__EXERCISE DETAILS__:
Output exactly, with nothing added, the entries from the first line through the line with "A Record for Rémillieux's Bouquet".

== MATERIAL PROVIDED ==

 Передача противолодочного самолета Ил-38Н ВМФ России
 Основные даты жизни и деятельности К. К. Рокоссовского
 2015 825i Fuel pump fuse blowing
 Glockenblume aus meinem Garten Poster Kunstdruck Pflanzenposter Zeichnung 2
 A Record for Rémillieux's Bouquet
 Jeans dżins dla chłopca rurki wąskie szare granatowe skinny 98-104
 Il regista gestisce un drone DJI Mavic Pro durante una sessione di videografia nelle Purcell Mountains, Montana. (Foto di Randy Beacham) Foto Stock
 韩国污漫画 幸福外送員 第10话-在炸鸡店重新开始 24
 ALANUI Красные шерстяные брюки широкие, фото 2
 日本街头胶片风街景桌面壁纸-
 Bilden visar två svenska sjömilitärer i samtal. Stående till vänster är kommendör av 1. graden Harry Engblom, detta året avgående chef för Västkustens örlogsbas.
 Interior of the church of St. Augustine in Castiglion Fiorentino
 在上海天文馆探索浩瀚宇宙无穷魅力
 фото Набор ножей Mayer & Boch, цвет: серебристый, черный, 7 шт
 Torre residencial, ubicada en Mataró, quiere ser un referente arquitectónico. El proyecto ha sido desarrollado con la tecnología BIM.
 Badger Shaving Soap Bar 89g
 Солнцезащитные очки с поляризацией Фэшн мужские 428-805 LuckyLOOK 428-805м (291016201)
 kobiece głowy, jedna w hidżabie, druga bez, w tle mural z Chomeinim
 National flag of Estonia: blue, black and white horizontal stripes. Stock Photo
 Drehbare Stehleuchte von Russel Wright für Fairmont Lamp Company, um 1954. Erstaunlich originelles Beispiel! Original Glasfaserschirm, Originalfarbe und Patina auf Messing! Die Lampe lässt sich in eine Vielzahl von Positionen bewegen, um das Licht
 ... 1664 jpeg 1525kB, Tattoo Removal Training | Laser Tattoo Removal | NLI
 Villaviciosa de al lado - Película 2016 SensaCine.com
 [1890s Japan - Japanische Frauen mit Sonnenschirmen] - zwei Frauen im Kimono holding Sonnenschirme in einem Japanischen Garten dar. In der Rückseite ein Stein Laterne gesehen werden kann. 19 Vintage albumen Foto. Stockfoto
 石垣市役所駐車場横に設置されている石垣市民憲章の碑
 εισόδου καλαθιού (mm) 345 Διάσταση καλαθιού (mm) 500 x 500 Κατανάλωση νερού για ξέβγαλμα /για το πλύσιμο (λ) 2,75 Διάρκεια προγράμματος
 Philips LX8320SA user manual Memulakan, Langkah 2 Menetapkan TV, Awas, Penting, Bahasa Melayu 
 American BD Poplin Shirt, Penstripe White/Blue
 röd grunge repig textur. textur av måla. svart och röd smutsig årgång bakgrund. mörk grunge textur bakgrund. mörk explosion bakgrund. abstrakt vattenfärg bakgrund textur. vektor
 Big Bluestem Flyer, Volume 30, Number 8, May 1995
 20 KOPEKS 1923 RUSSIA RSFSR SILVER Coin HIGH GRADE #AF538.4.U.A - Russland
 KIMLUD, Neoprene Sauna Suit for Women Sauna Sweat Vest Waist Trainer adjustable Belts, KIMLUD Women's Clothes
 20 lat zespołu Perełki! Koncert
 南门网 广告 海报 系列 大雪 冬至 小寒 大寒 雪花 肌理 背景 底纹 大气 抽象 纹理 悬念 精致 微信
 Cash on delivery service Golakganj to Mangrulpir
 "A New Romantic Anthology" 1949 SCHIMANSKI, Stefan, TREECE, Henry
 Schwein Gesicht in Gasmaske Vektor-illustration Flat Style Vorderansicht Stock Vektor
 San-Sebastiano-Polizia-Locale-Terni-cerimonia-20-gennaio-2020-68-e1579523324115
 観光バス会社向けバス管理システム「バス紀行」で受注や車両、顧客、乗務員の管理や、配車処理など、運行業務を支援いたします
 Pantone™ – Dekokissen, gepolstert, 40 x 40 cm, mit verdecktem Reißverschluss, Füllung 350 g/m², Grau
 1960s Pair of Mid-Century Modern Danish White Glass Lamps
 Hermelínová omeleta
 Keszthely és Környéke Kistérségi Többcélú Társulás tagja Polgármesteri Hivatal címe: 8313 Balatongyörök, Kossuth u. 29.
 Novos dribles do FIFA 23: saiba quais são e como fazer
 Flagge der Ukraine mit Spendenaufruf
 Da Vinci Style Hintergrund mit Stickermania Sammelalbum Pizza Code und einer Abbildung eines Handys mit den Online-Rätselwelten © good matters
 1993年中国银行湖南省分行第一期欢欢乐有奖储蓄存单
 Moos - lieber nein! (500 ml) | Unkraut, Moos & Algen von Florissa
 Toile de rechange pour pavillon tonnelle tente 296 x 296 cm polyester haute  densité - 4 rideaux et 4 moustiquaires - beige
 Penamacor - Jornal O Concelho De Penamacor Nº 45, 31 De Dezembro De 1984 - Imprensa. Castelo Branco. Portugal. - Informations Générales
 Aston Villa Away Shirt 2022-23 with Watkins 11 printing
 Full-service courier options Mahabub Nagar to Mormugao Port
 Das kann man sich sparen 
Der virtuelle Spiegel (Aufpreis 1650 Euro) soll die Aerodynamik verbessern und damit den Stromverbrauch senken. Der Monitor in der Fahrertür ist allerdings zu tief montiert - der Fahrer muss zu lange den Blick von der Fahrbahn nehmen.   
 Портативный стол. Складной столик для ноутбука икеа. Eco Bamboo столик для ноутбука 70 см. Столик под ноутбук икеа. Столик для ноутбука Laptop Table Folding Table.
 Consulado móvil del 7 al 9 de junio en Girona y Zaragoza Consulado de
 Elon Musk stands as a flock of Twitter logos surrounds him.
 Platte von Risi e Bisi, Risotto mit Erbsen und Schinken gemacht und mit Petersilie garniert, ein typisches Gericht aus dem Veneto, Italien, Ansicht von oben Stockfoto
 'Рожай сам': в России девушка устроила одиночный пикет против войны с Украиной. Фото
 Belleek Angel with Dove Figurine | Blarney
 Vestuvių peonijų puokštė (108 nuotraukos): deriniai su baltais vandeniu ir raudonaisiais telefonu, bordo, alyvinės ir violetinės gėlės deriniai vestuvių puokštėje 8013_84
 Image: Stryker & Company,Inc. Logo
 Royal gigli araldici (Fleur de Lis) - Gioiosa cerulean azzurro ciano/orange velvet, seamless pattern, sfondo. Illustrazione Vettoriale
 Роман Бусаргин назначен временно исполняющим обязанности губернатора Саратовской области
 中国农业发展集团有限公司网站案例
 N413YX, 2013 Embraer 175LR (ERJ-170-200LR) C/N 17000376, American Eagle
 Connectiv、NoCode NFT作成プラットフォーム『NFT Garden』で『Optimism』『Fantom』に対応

===

__YOUR SOLUTION__:
 Передача противолодочного самолета Ил-38Н ВМФ России
 Основные даты жизни и деятельности К. К. Рокоссовского
 2015 825i Fuel pump fuse blowing
 Glockenblume aus meinem Garten Poster Kunstdruck Pflanzenposter Zeichnung 2
 A Record for Rémillieux's Bouquet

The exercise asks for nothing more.